* EXERCISE DESCRIPTION
Print only the lines below from the one with "Black Collab Capital Logo.png" to the one with "Uranus, Missouri and", both included, exactly as they stand. Leave pictures out.

* DATASET RECORDS

- Opening Delimiter -

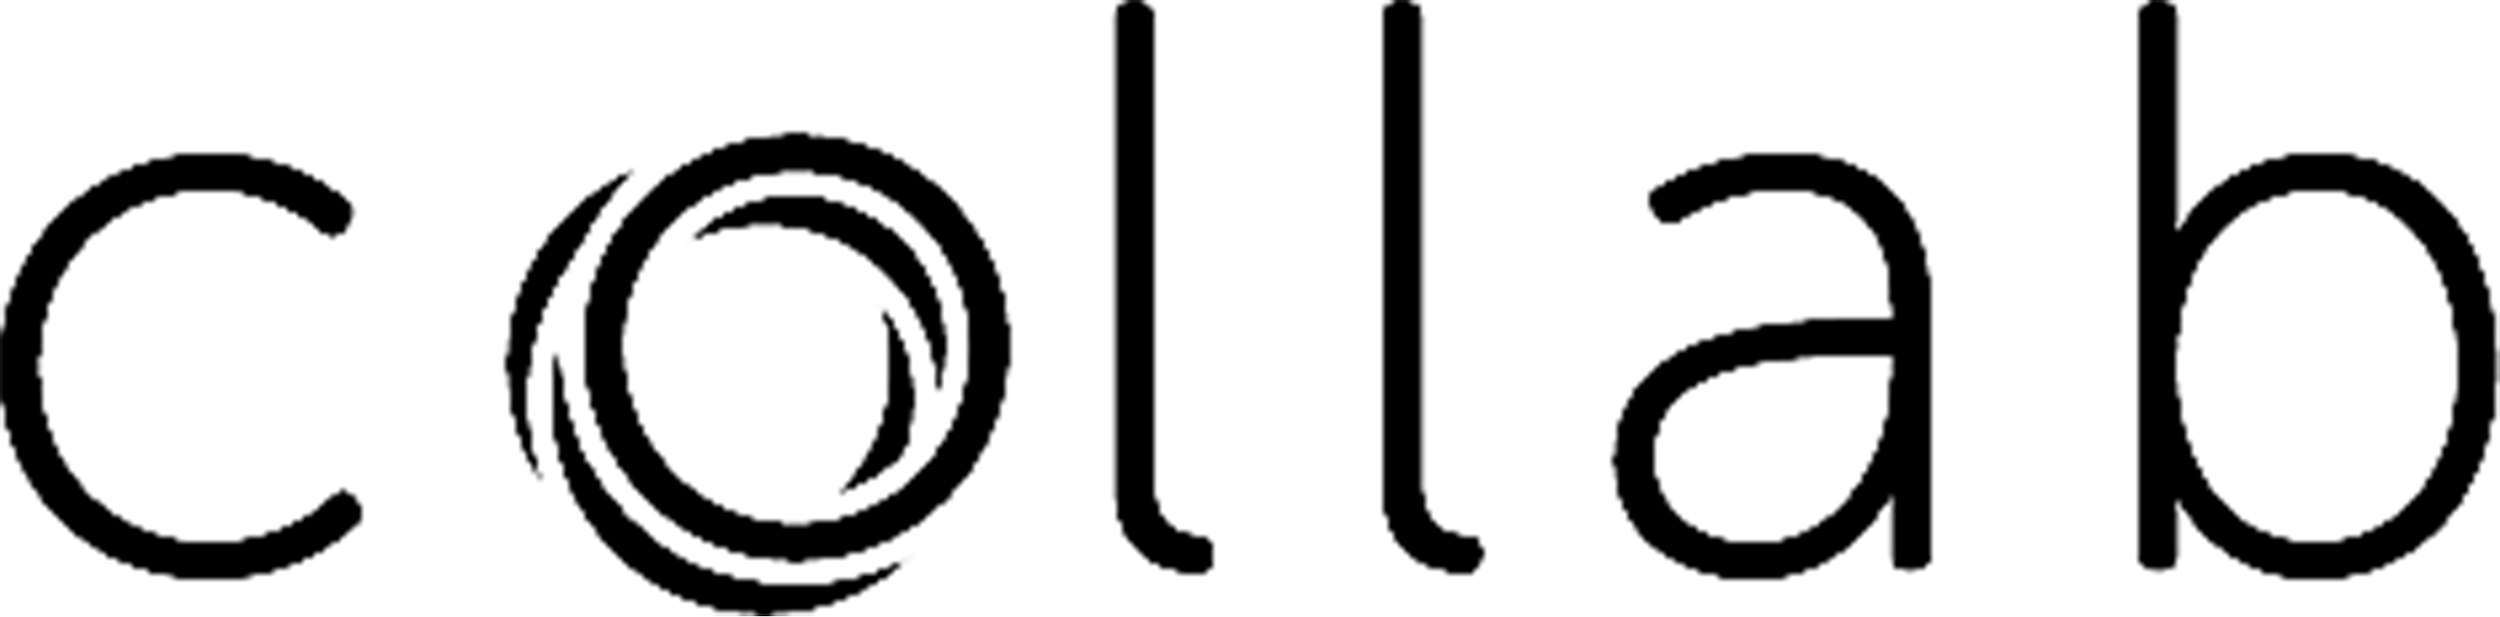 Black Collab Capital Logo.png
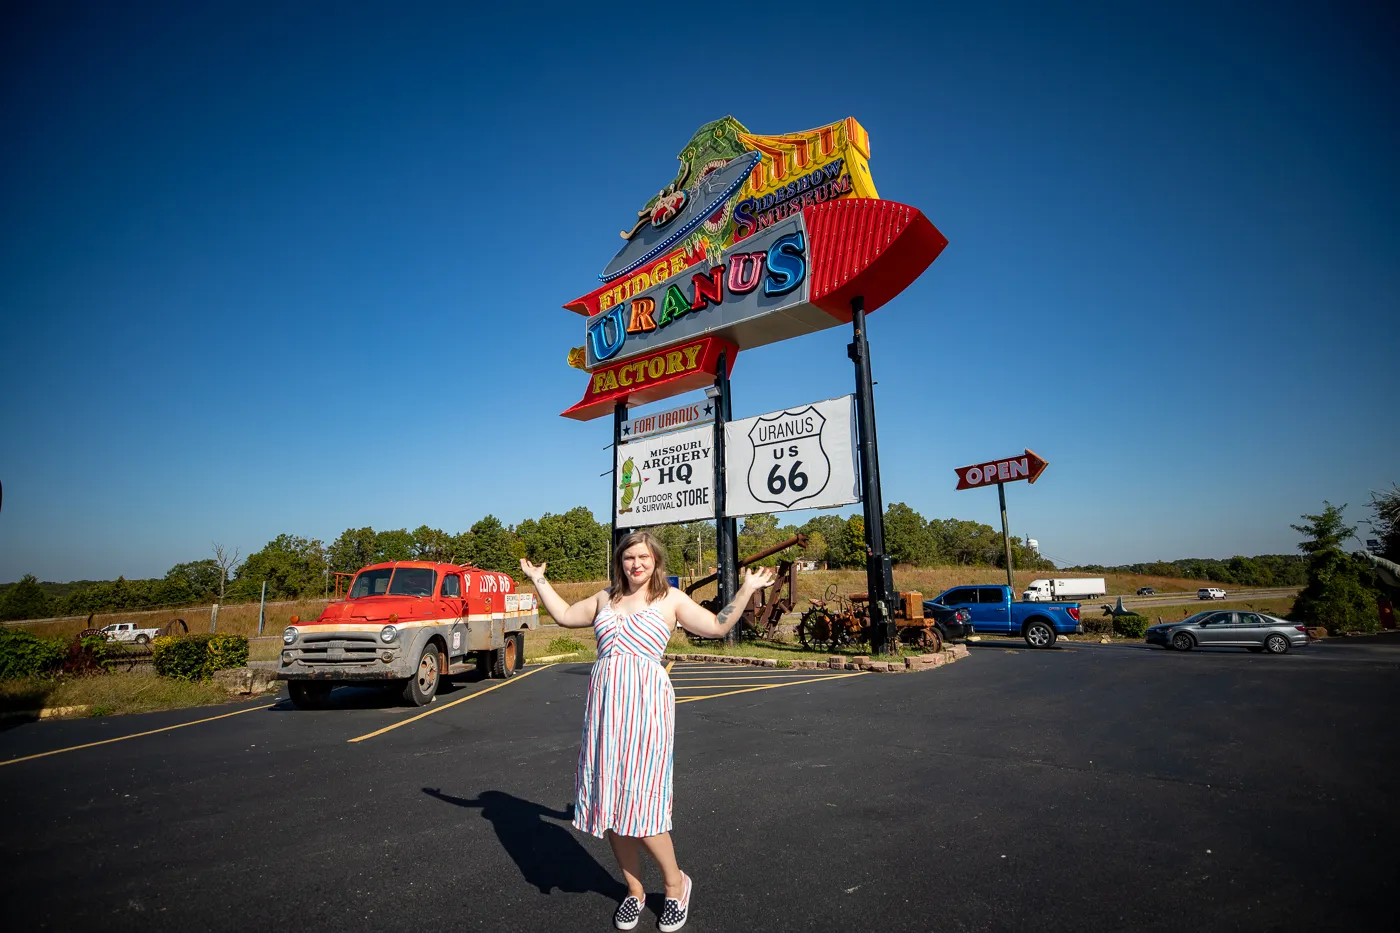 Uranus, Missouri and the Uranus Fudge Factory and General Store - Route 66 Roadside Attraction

- Closing Delimiter -
- Opening Delimiter -

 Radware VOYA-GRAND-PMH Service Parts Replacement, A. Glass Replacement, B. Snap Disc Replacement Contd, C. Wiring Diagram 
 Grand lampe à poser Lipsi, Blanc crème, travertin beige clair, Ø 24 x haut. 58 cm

- Closing Delimiter -

* COMPLETED EXERCISE
 Black Collab Capital Logo.png
 Uranus, Missouri and the Uranus Fudge Factory and General Store - Route 66 Roadside Attraction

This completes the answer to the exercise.